The original UIT-ViQuAD contains over 23,000 QA pairs based on 174 Vietnamese Wikipedia articles. UIT-ViQuAD2.0 adds over 12K unanswerable questions for the same passage.
The dataset has been processed to remove a few duplicated questions and answers.
Version 2.0 contains the fields is_impossible
and plausible
, which the authors explained in the shared task announcement:
Context: Khác với nhiều ngôn ngữ Ấn-Âu khác, tiếng Anh đã gần như loại bỏ hệ thống biến tố dựa trên cách để thay bằng cấu trúc phân tích. Đại từ nhân xưng duy trì hệ thống cách hoàn chỉnh hơn những lớp từ khác. Tiếng Anh có bảy lớp từ chính: động từ, danh từ, tính từ, trạng từ, hạn định từ (tức mạo từ), giới từ, và liên từ. Có thể tách đại từ khỏi danh từ, và thêm vào thán từ.
question: Tiếng Anh có bao nhiêu loại từ?

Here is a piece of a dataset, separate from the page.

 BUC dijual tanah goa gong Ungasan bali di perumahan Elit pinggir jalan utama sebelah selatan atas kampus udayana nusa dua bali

is_impossible: False. // There exists an answer to the question.
answer: bảy.
question: Ngôn ngữ Ấn-Âu có bao nhiêu loại từ?

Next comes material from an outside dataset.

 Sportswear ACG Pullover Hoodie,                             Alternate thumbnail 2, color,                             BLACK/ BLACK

is_impossible: True. // There are no correct answers extracted from the Context.
plausible_answer: bảy. // A plausible but incorrect answer extracted from the Context has the same type which the question aims to.

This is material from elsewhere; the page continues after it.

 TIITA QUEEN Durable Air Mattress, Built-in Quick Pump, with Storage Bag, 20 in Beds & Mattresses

Specific questions about the test set or the dataset should be directed to the authors.
Languages
Vietnamese (vi
)
Dataset Creation
Source Data
Vietnamese Wikipedia
Annotations
Human annotators
Citation Information
Original dataset:
@inproceedings{nguyen-etal-2020-vietnamese,
title = "A {V}ietnamese Dataset for Evaluating Machine Reading Comprehension",
author = "Nguyen, Kiet and
Nguyen, Vu and
Nguyen, Anh and
Nguyen, Ngan",
editor = "Scott, Donia and
Bel, Nuria and
Zong, Chengqing",
booktitle = "Proceedings of the 28th International Conference on Computational Linguistics",
month = dec,
year = "2020",
address = "Barcelona, Spain (Online)",
publisher = "International Committee on Computational Linguistics",
url = "https://aclanthology.org/2020.coling-main.233",
doi = "10.18653/v1/2020.coling-main.233",
pages = "2595--2605",
abstract = "Over 97 million inhabitants speak Vietnamese as the native language in the world. However, there are few research studies on machine reading comprehension (MRC) in Vietnamese, the task of understanding a document or text, and answering questions related to it. Due to the lack of benchmark datasets for Vietnamese, we present the Vietnamese Question Answering Dataset (UIT-ViQuAD), a new dataset for the low-resource language as Vietnamese to evaluate MRC models. This dataset comprises over 23,000 human-generated question-answer pairs based on 5,109 passages of 174 Vietnamese articles from Wikipedia. In particular, we propose a new process of dataset creation for Vietnamese MRC. Our in-depth analyses illustrate that our dataset requires abilities beyond simple reasoning like word matching and demands complicate reasoning such as single-sentence and multiple-sentence inferences. Besides, we conduct experiments on state-of-the-art MRC methods in English and Chinese as the first experimental models on UIT-ViQuAD, which will be compared to further models. We also estimate human performances on the dataset and compare it to the experimental results of several powerful machine models. As a result, the substantial differences between humans and the best model performances on the dataset indicate that improvements can be explored on UIT-ViQuAD through future research. Our dataset is freely available to encourage the research community to overcome challenges in Vietnamese MRC."}
Shared task where version 2.0 was published:
@article{Nguyen_2022,
title={VLSP 2021-ViMRC Challenge: Vietnamese Machine Reading Comprehension},
volume={38},
ISSN={2615-9260},
url={http://dx.doi.org/10.25073/2588-1086/vnucsce.340},
DOI={10.25073/2588-1086/vnucsce.340},
number={2},
journal={VNU Journal of Science: Computer Science and Communication Engineering},
publisher={Vietnam National University Journal of Science},
author={Nguyen, Kiet and Tran, Son Quoc and Nguyen, Luan Thanh and Huynh, Tin Van and Luu, Son Thanh and Nguyen, Ngan Luu-Thuy},
year={2022},
month=dec}
Acknowledgements
We thank the authors of ViQuAD and VLSP for releasing this dataset to the community.